ASSIGNED TASK ▸ Given the listing below, write out exactly the lines starting with the line that has "SB270-989827" and going on through the line that has "TAEG: 15%- Coût du crédit: 6,62€", both kept.

DATA TO PROCESS ▸

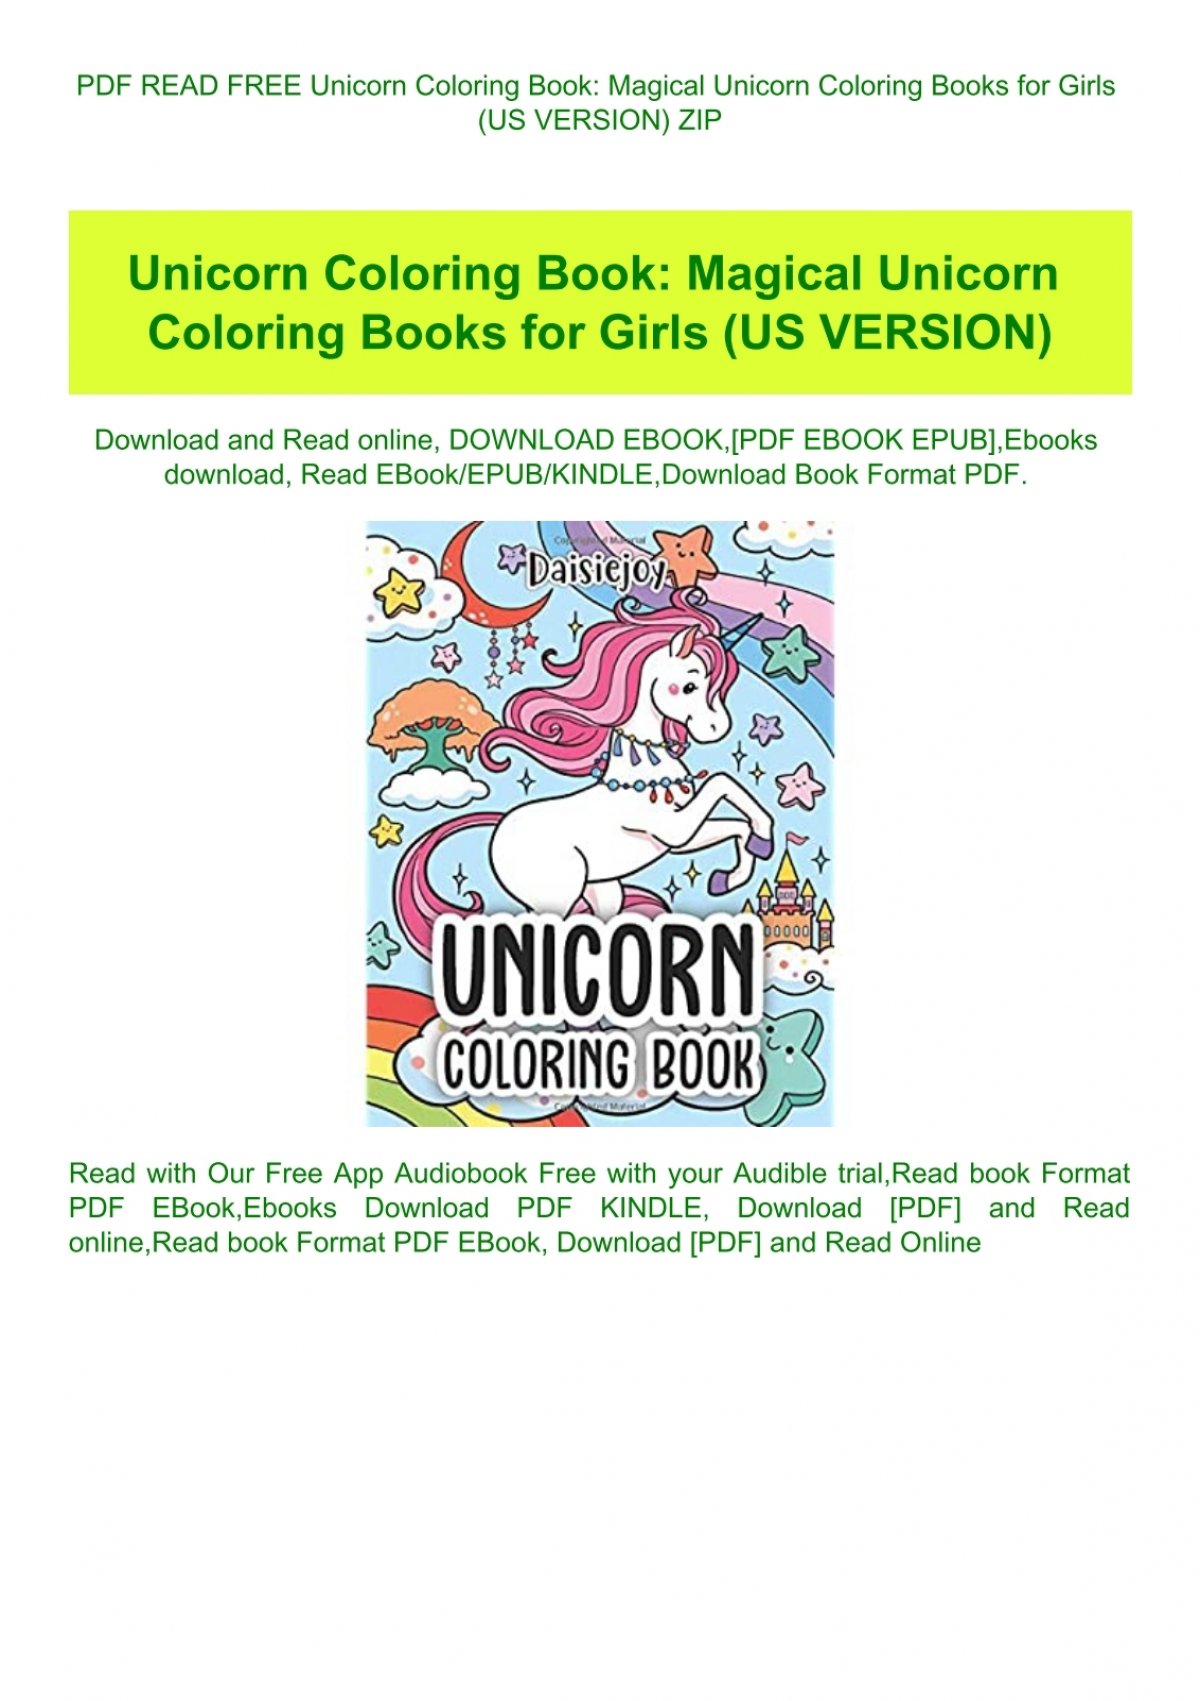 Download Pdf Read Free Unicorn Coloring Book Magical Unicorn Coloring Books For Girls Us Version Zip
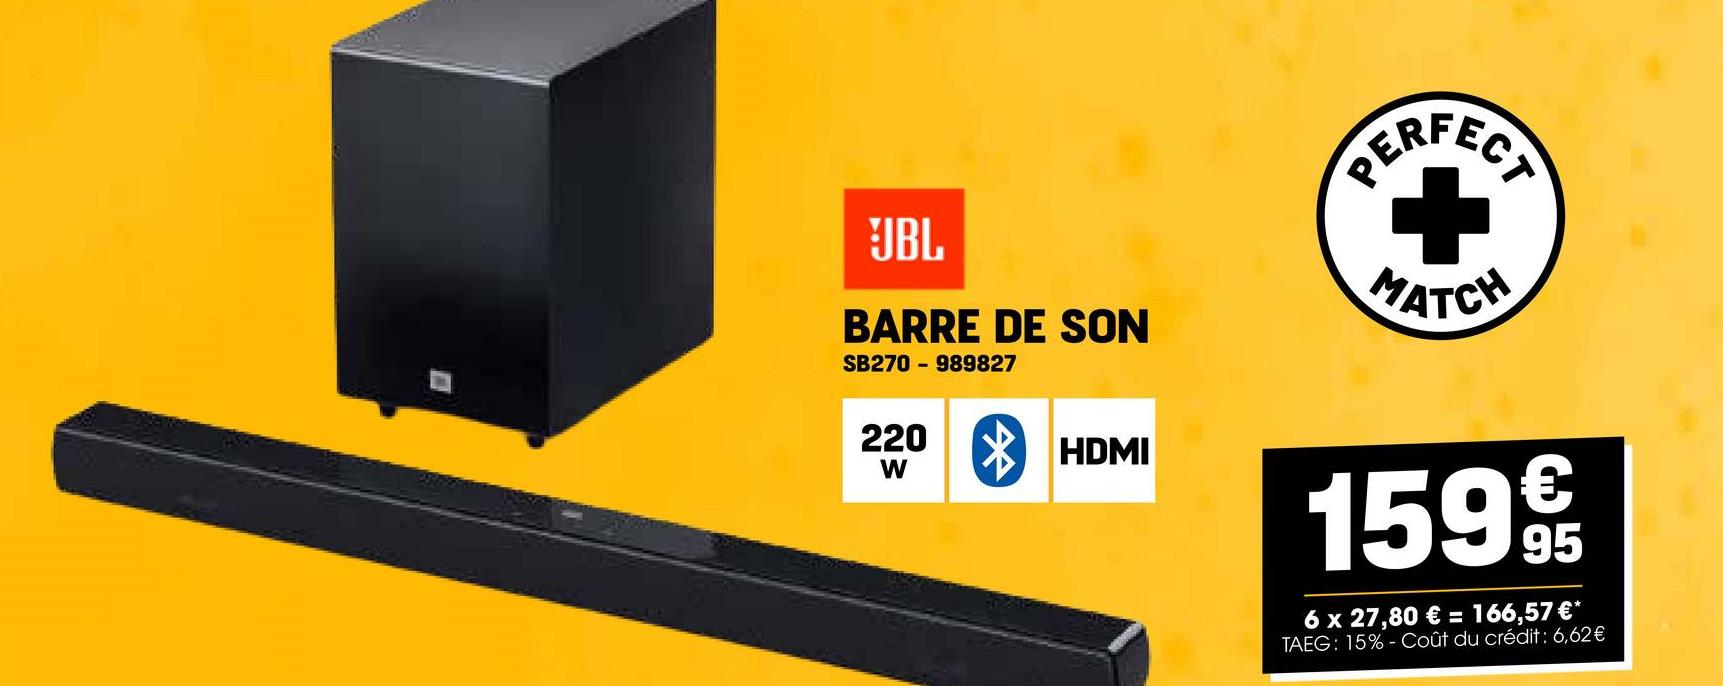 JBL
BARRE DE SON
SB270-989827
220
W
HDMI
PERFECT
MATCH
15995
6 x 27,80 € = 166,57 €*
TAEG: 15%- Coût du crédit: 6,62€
--
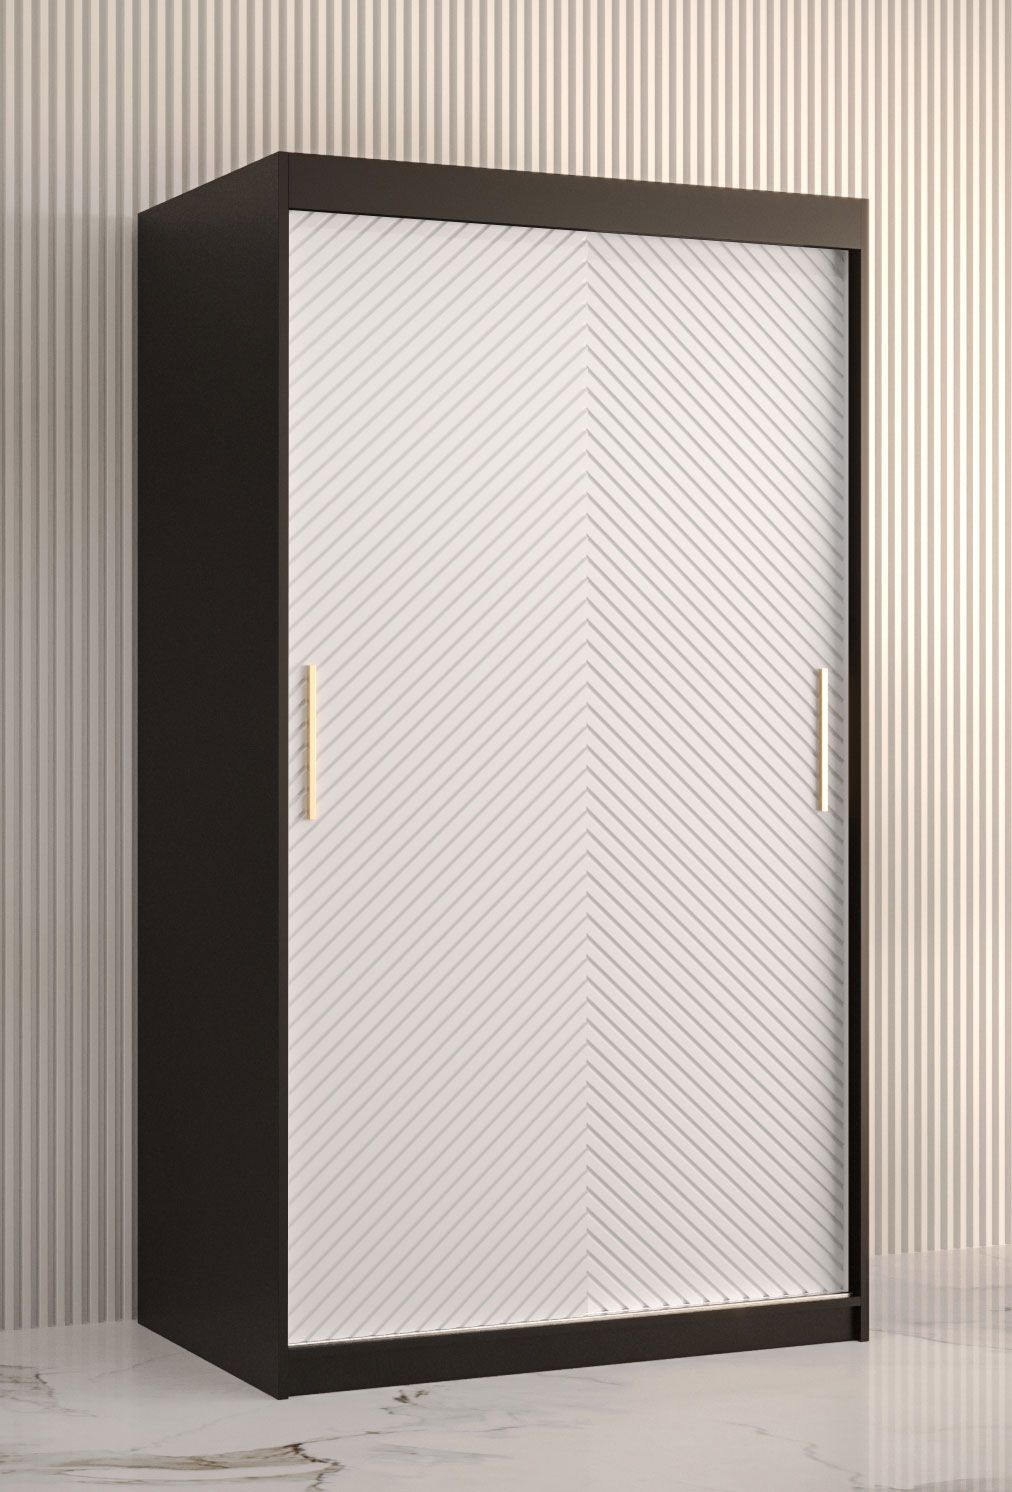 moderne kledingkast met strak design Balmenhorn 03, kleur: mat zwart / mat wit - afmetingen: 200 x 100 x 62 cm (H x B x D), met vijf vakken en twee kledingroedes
* * *
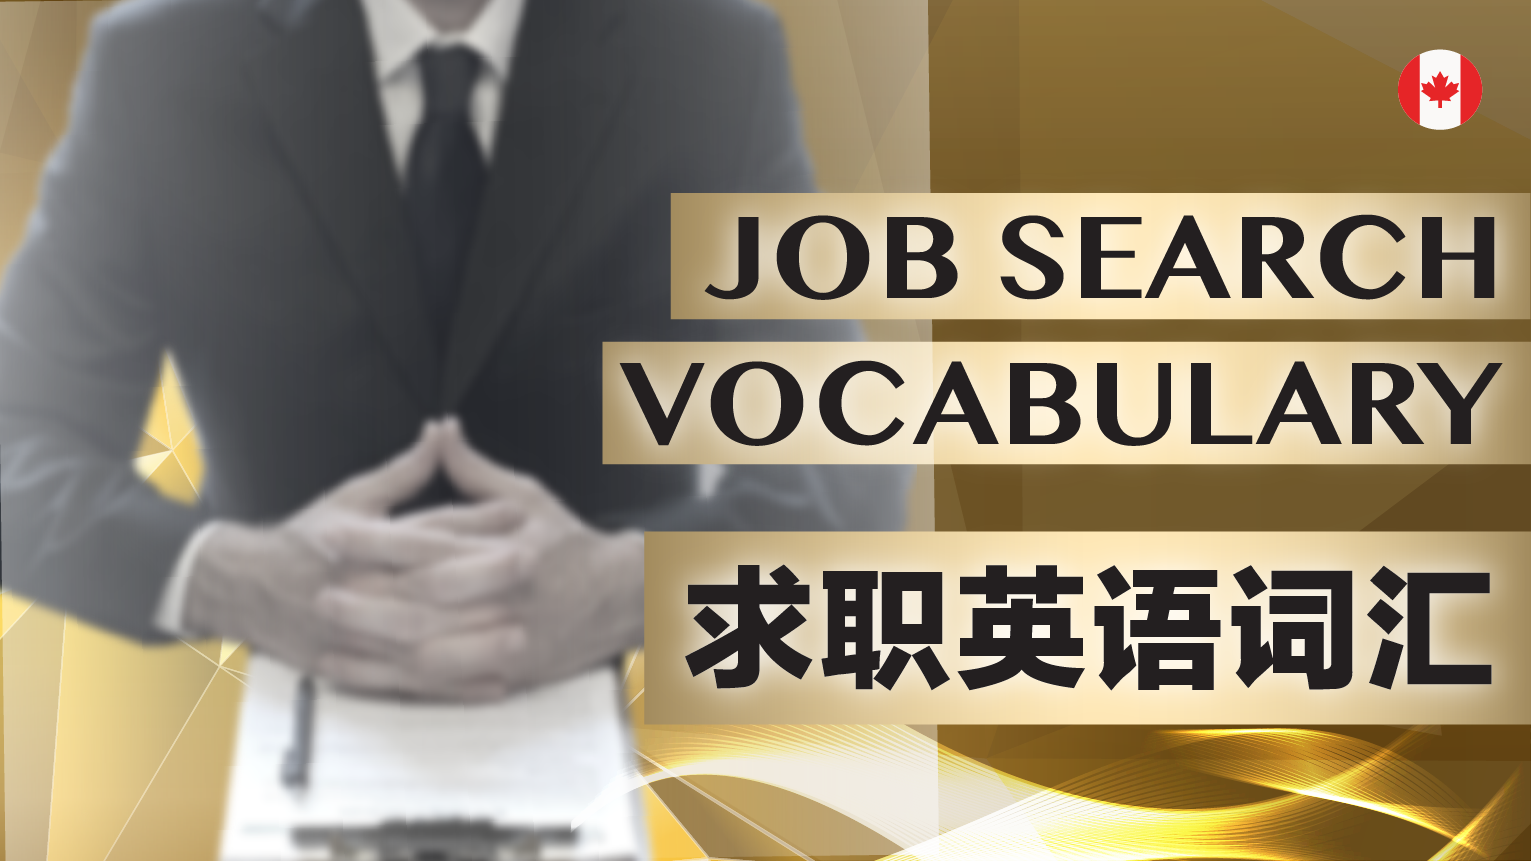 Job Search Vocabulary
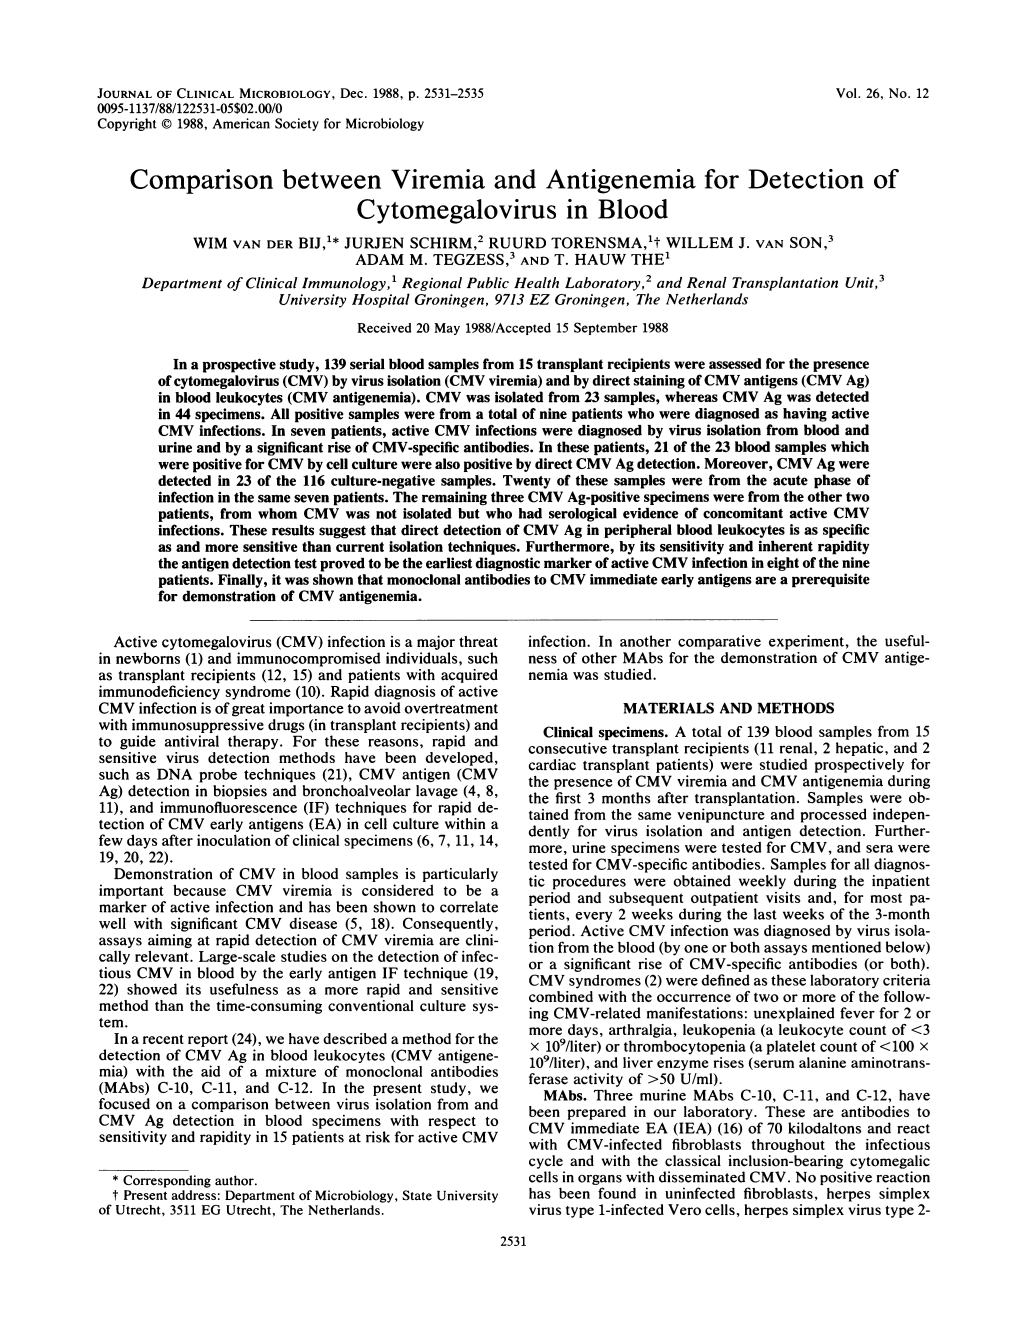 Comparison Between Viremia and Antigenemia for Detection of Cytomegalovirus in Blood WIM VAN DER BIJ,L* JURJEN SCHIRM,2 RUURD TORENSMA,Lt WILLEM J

PROBLEM SOLUTION ▸
SB270-989827
220
W
HDMI
PERFECT
MATCH
15995
6 x 27,80 € = 166,57 €*
TAEG: 15%- Coût du crédit: 6,62€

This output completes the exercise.